→ TASK REQUIREMENTS:
Go to the line with "Musterhaus Bad Vilbel" in the records below, then output it and each following line exactly, up to and including the line with "Letter Recognition Worksheets for". Skip pictures and add nothing.

→ RECORDS SHOWN:
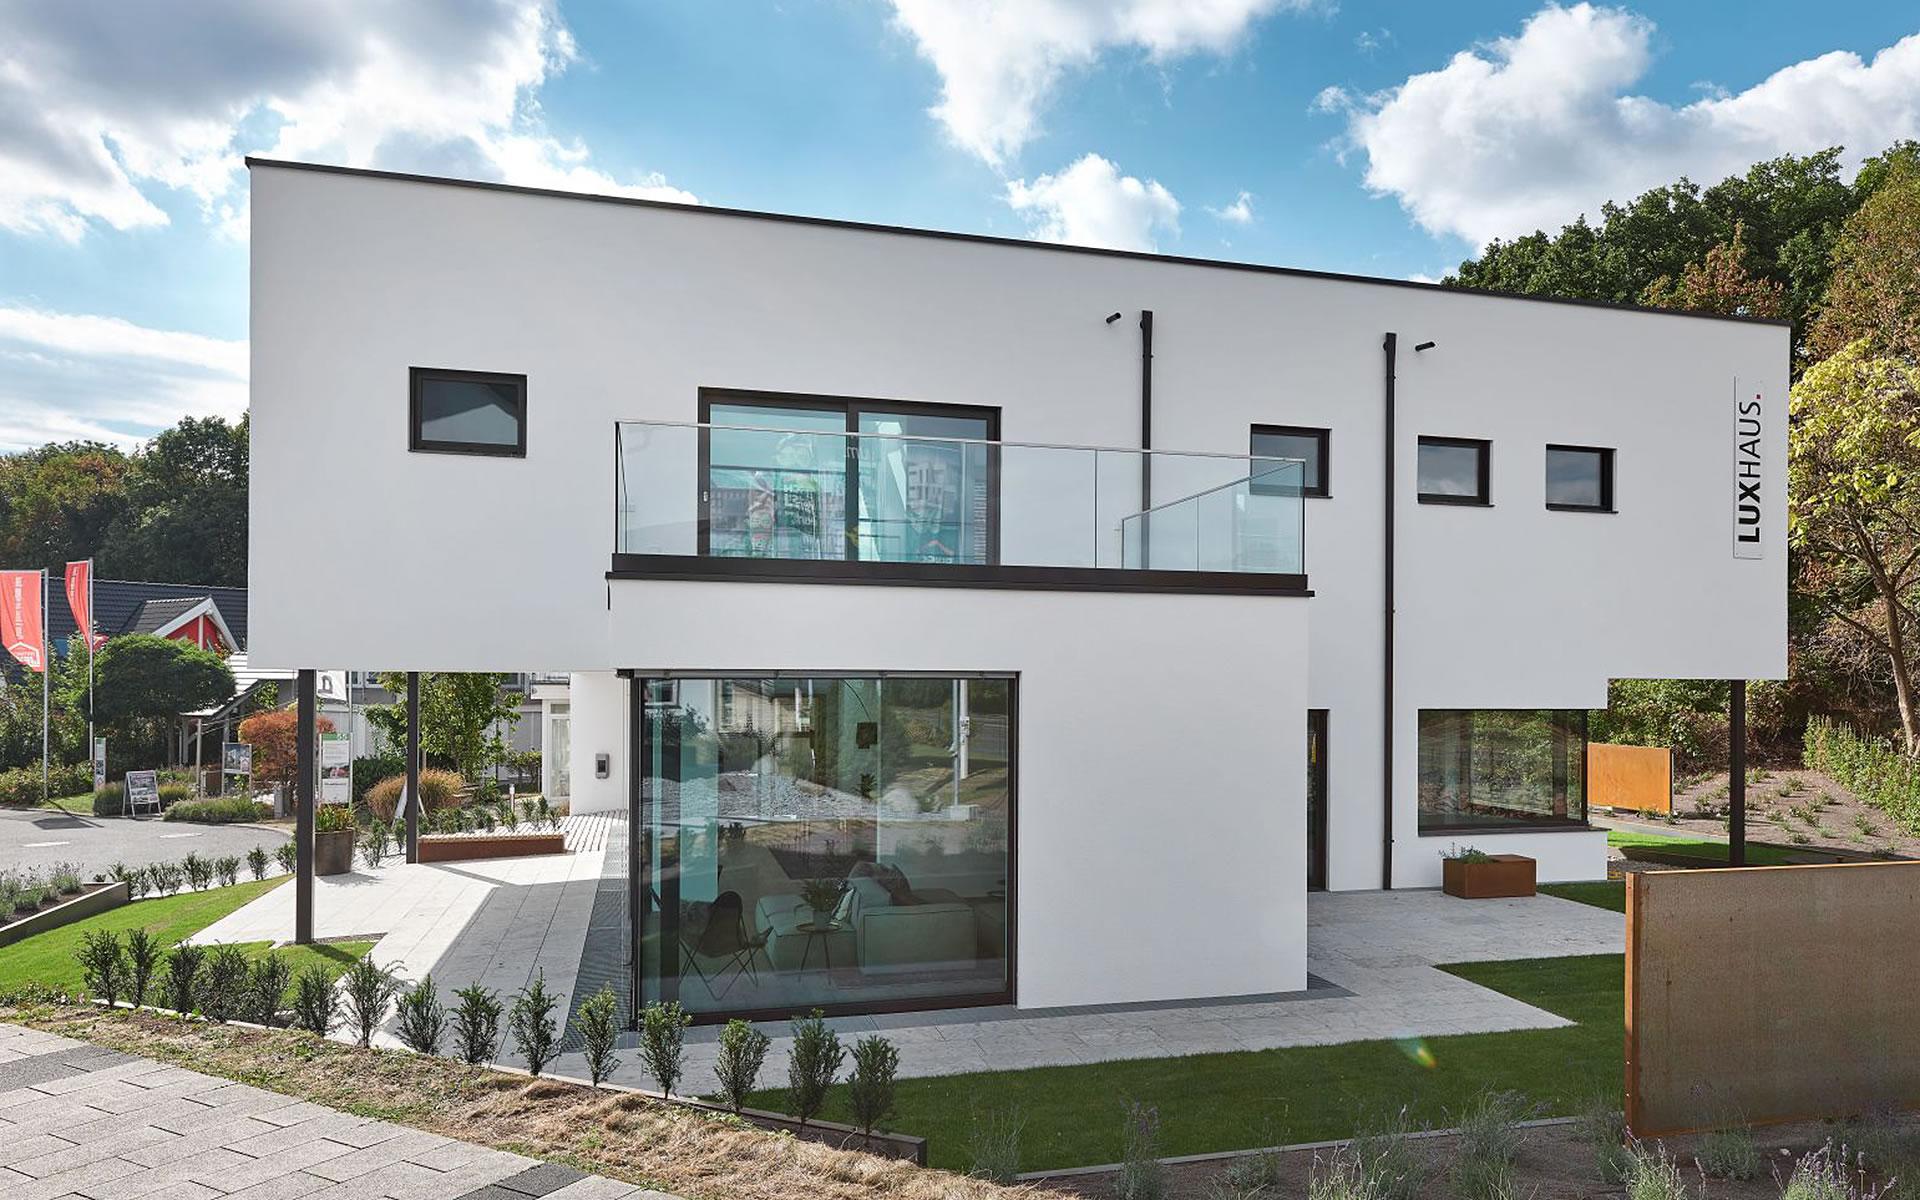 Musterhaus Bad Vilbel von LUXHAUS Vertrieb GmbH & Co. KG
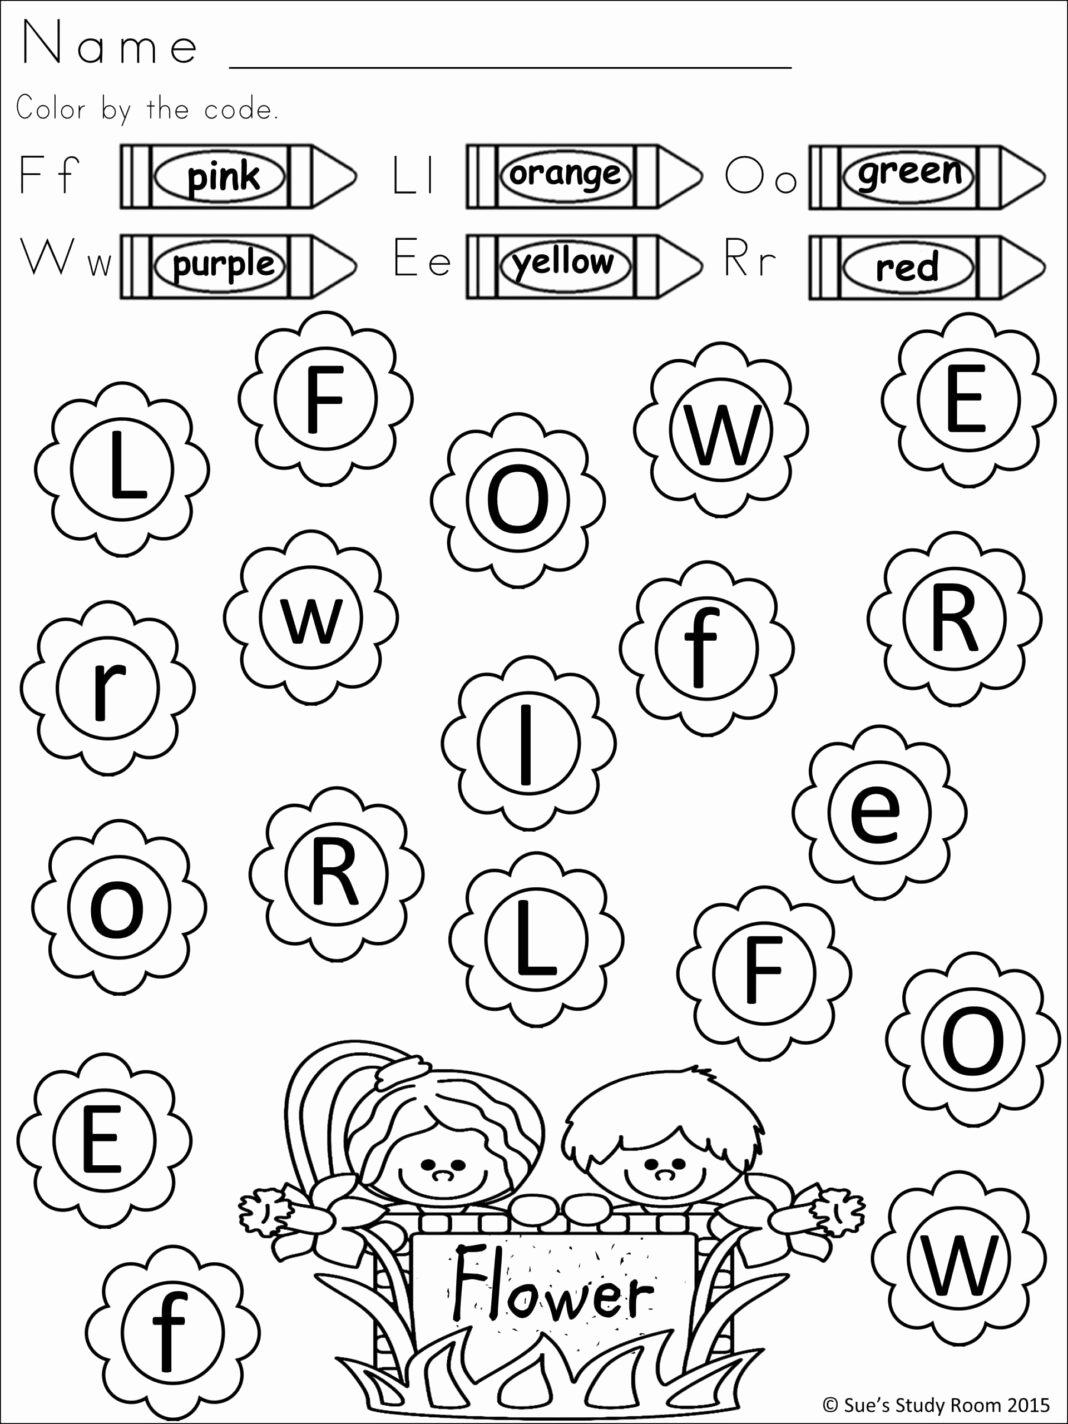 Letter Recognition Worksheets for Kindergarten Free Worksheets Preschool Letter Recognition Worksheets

==

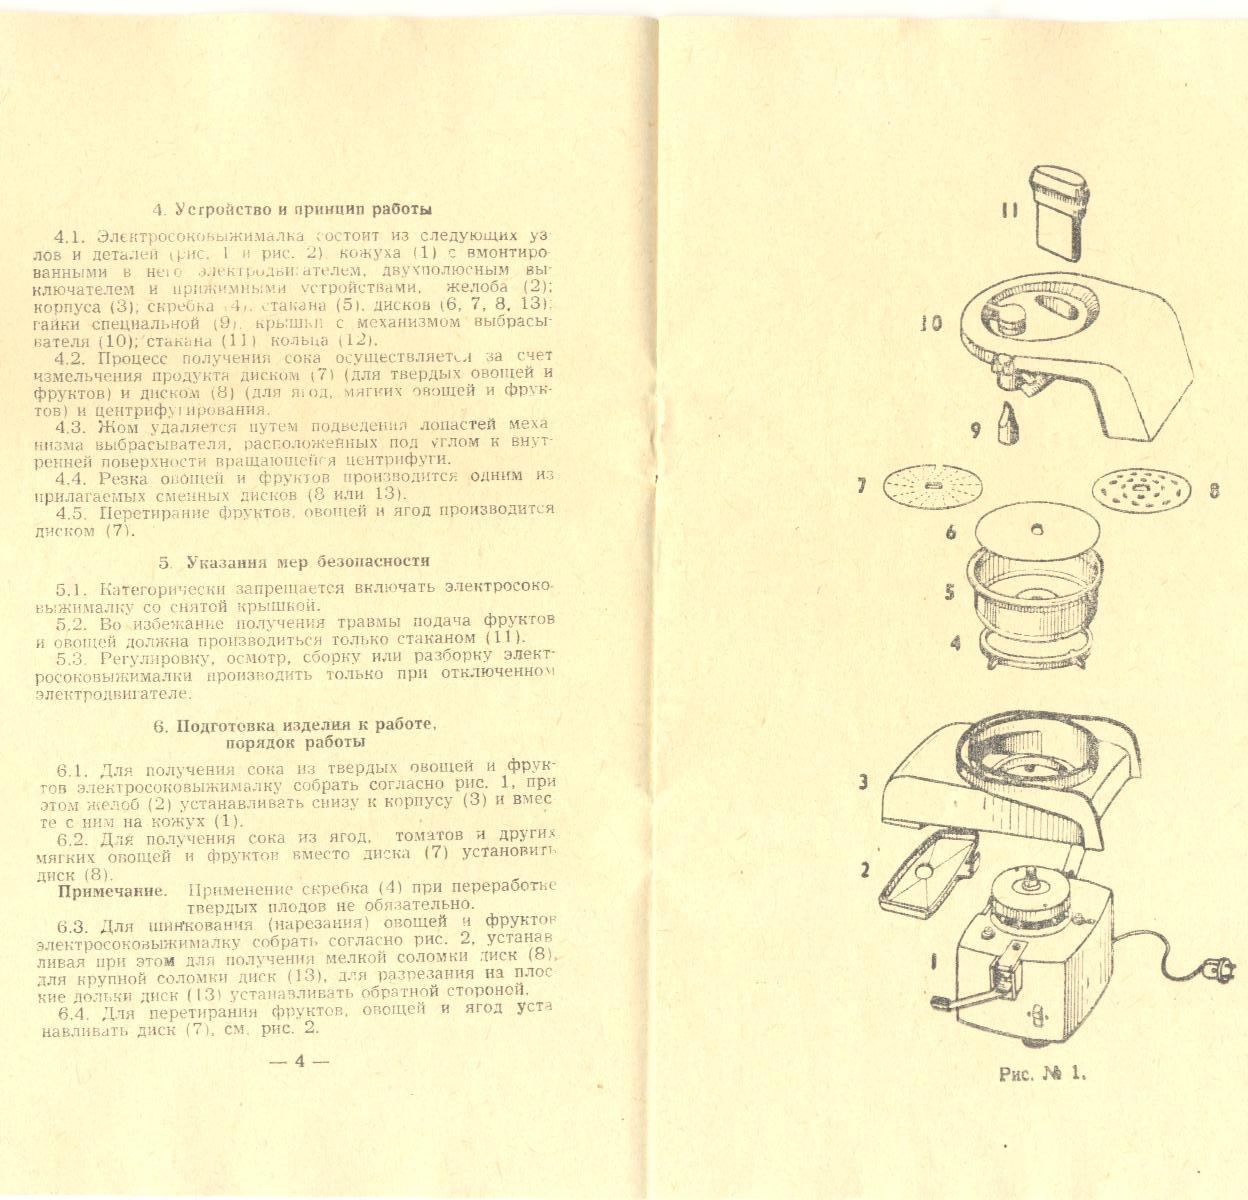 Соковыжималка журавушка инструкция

→ EXERCISE SOLUTION:
 Musterhaus Bad Vilbel von LUXHAUS Vertrieb GmbH & Co. KG
 Letter Recognition Worksheets for Kindergarten Free Worksheets Preschool Letter Recognition Worksheets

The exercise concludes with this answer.